▶ **Supplied records**
------------------------------

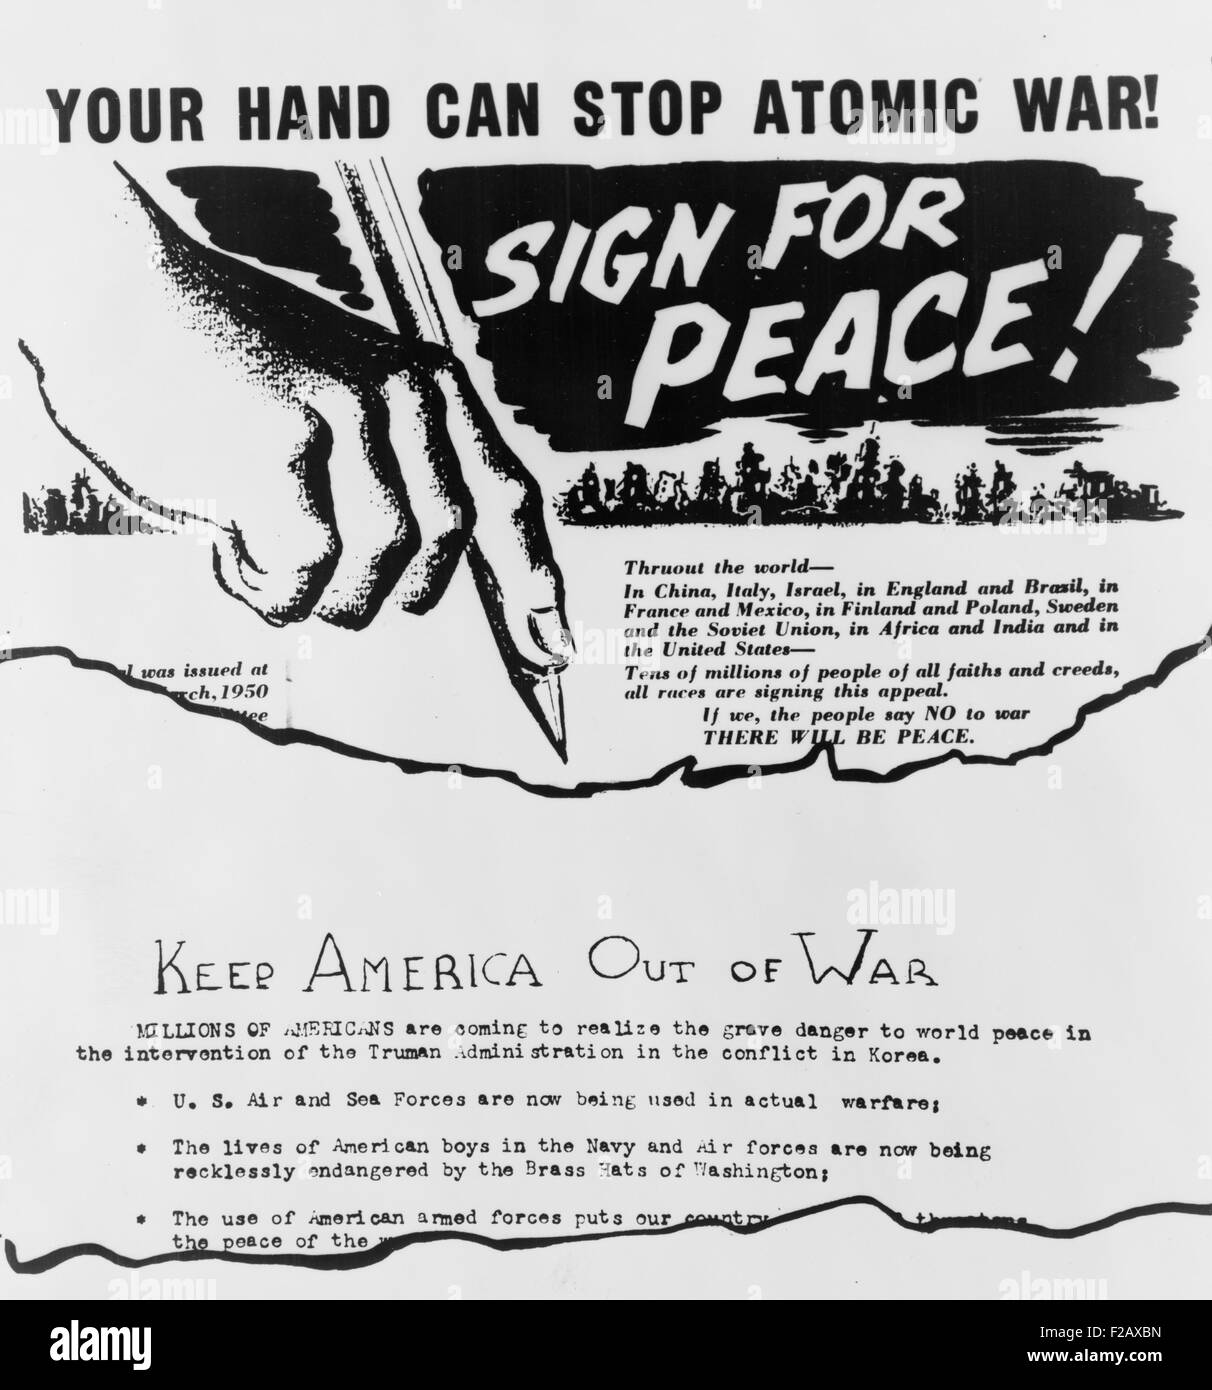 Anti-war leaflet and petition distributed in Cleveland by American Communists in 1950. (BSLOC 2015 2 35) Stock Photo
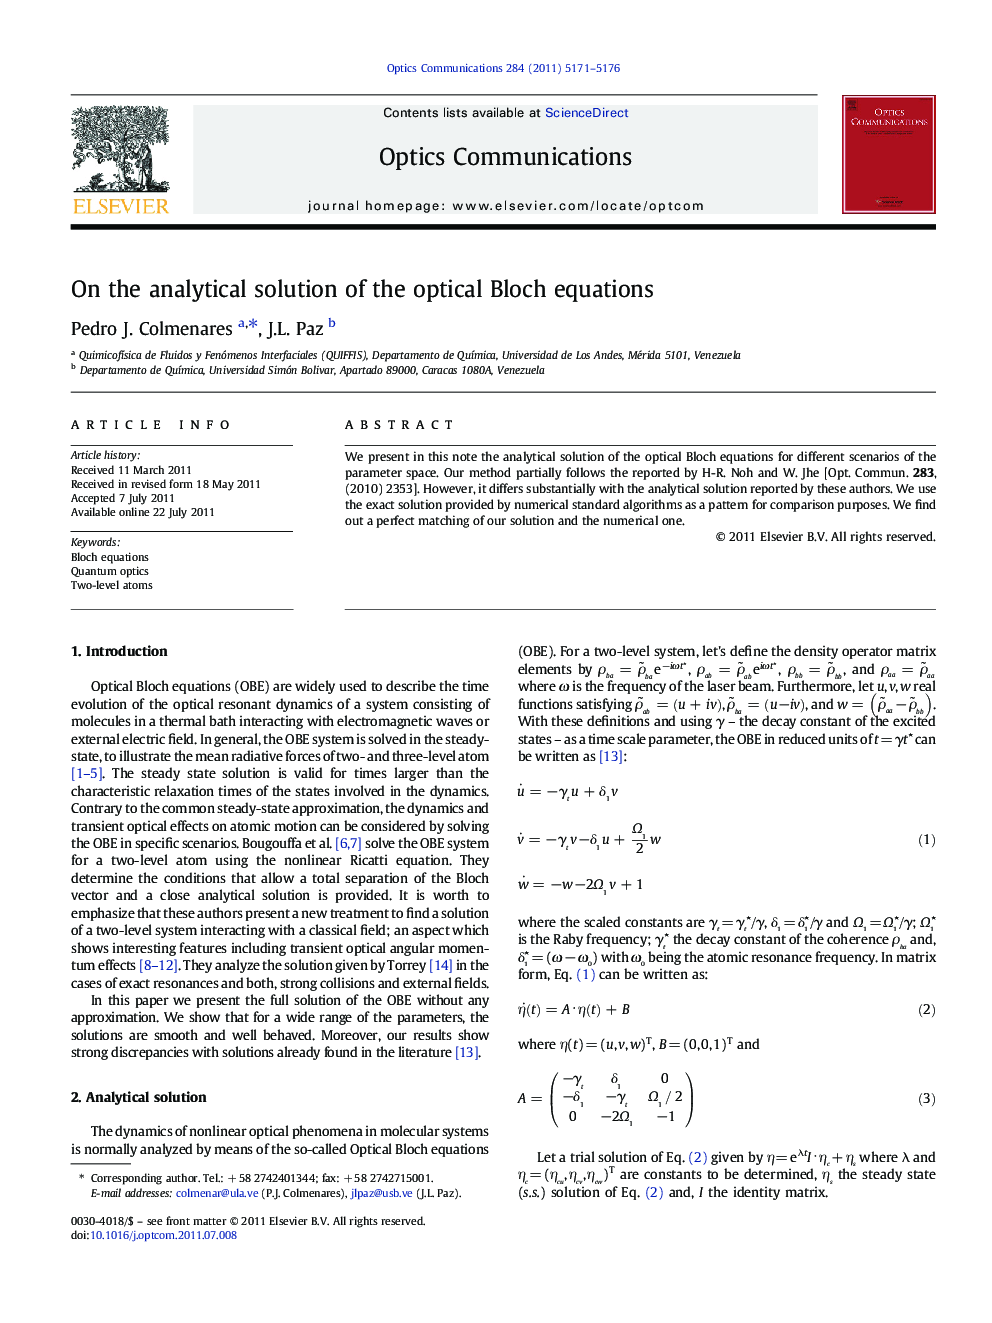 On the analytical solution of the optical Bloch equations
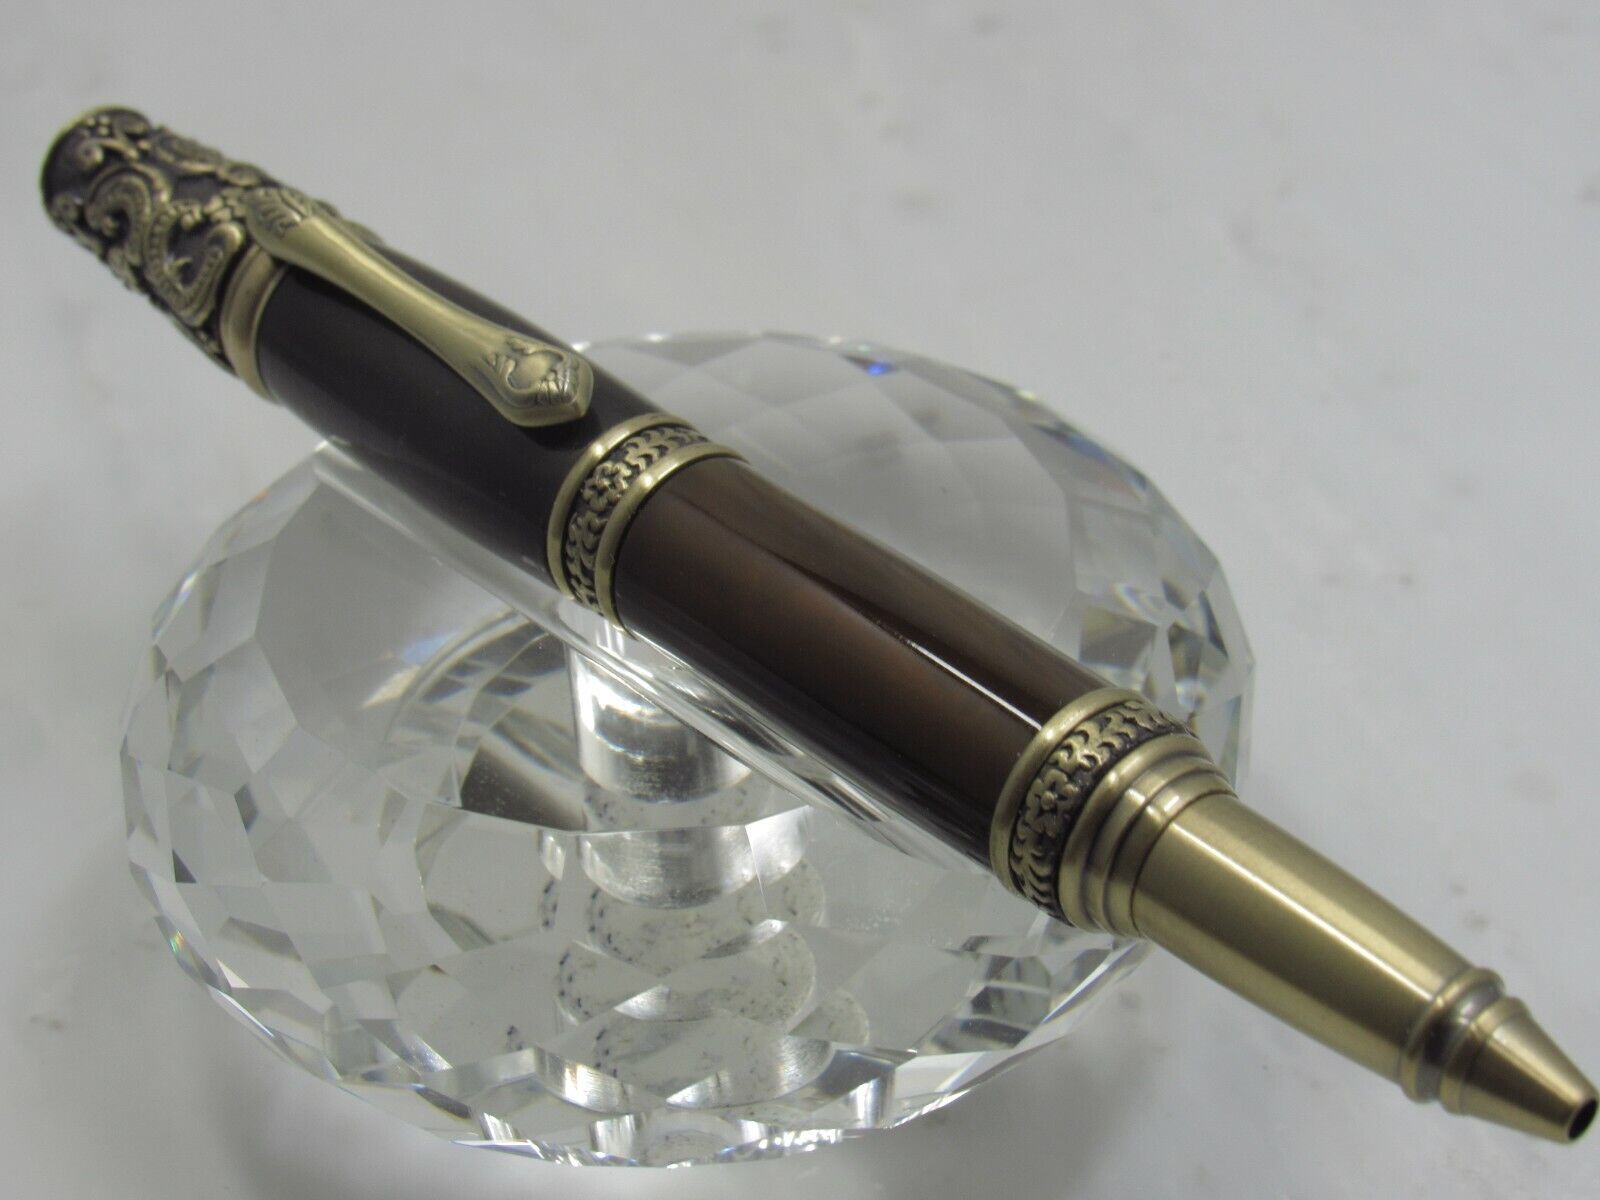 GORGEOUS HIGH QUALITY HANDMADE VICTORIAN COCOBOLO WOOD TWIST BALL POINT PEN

------------------------------

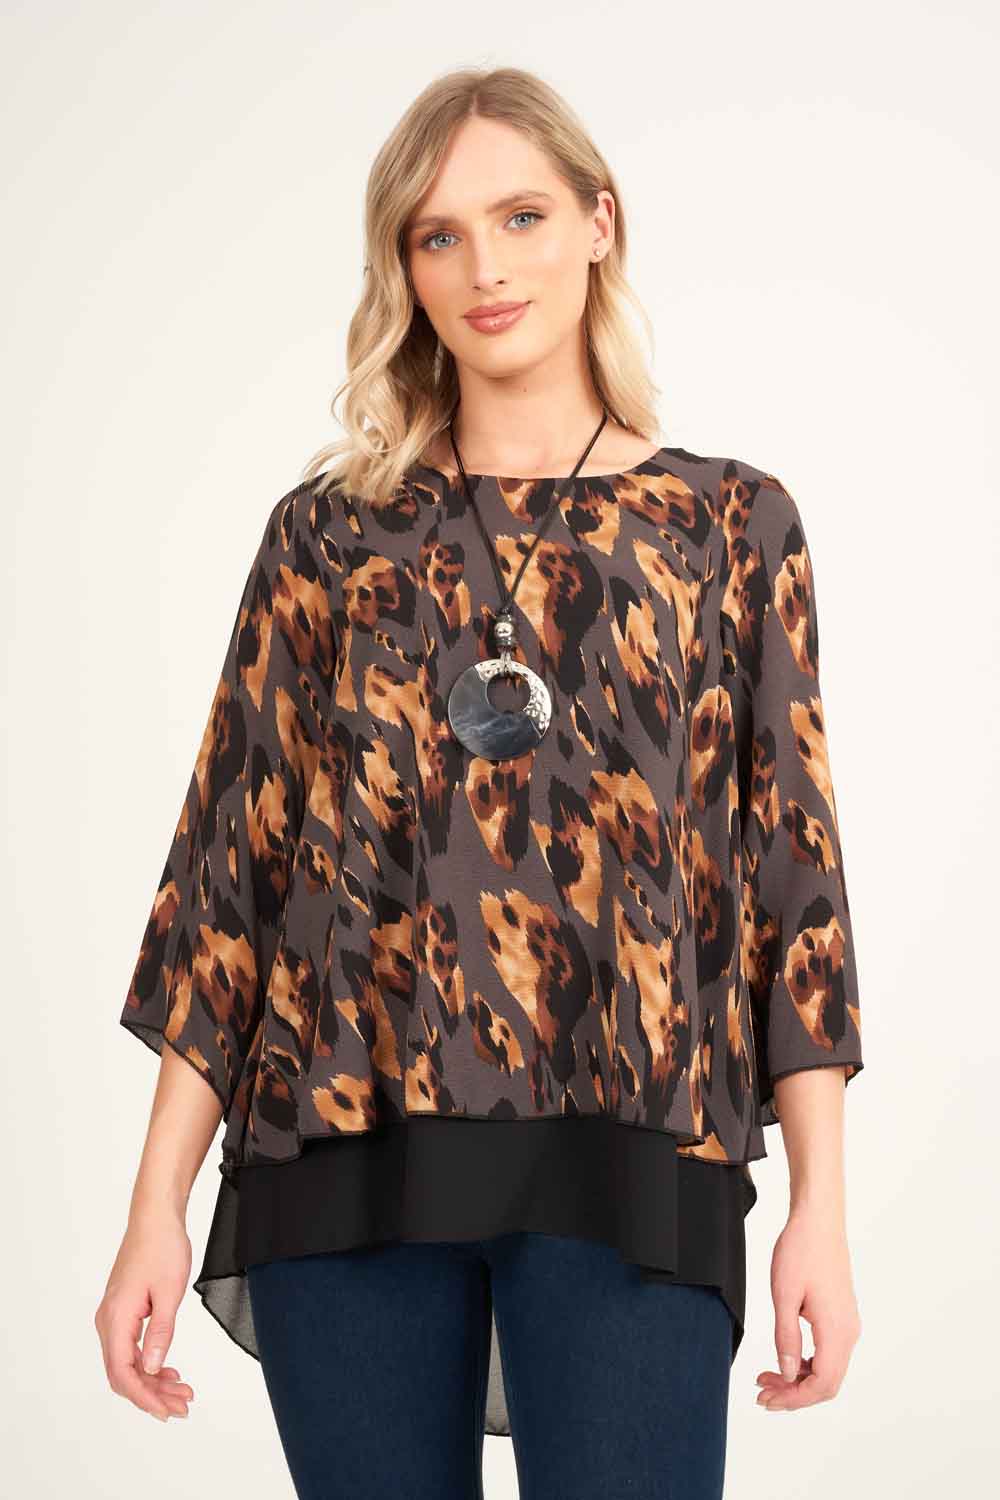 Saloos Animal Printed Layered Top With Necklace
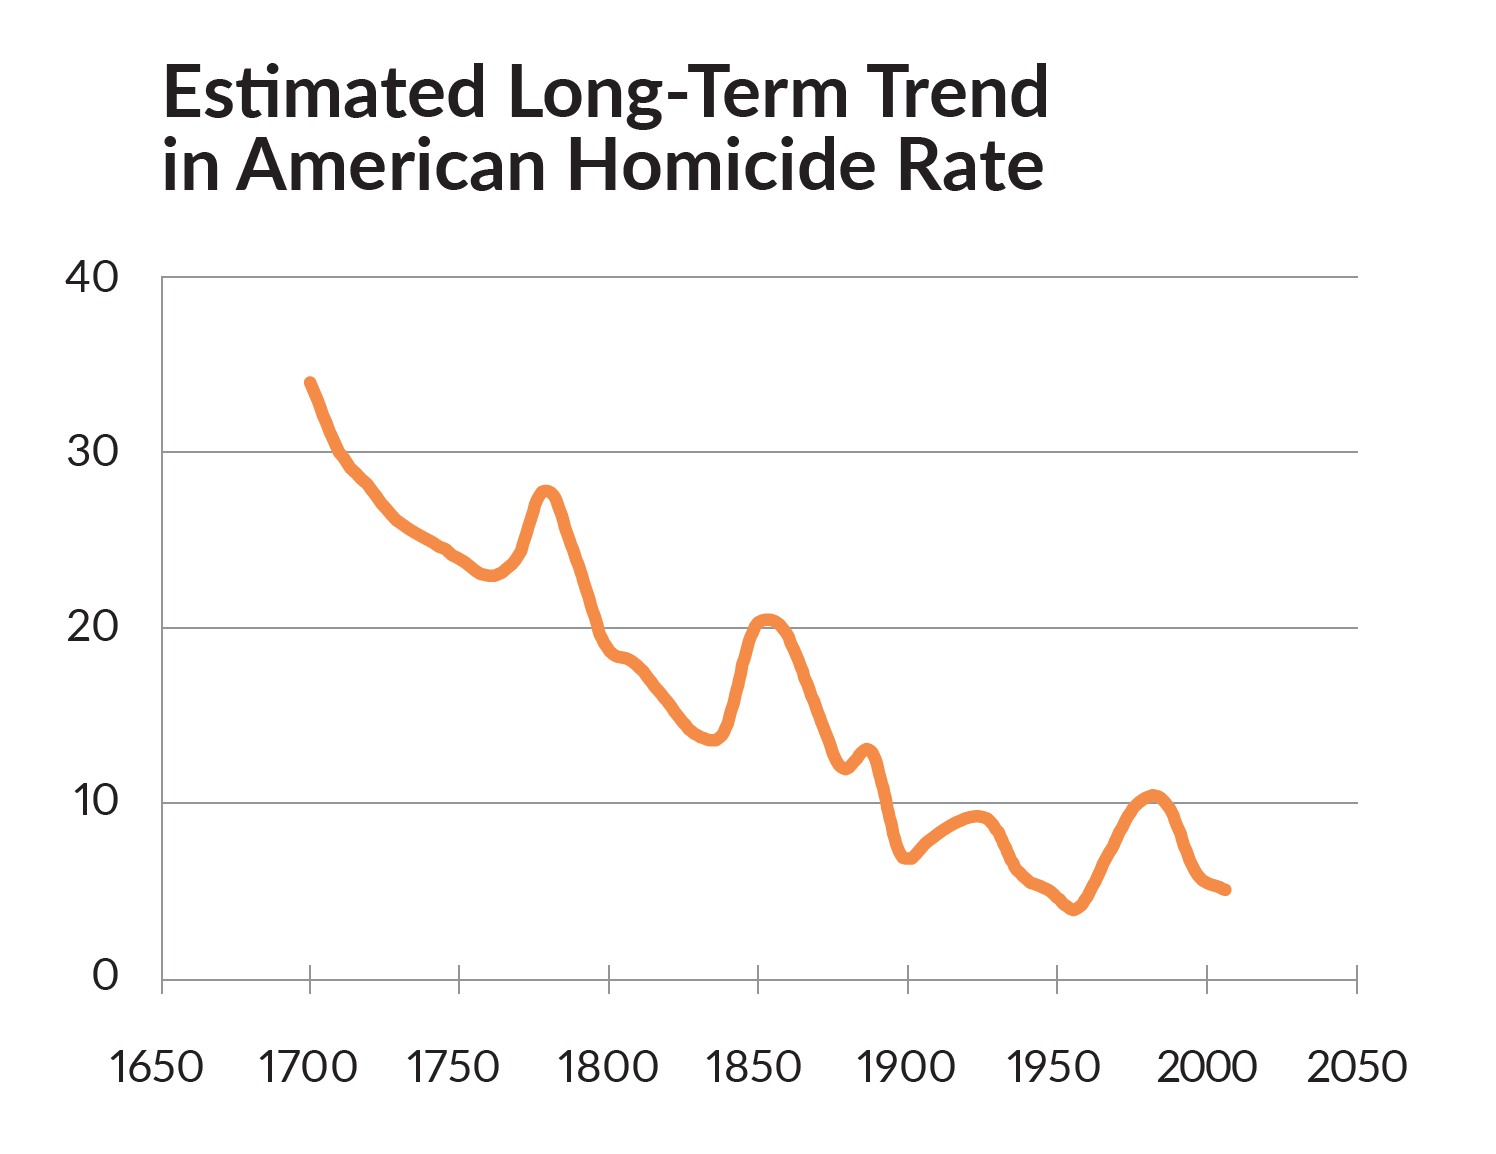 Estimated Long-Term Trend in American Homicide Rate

------------------------------

▶ **Task details**
What's needed is an exact copy of the records above from the line containing "Saloos Animal Printed" down to the line containing "Estimated Long-Term Trend", both included, without any pictures.

▶ **Answer for this exercise**
 Saloos Animal Printed Layered Top With Necklace
 Estimated Long-Term Trend in American Homicide Rate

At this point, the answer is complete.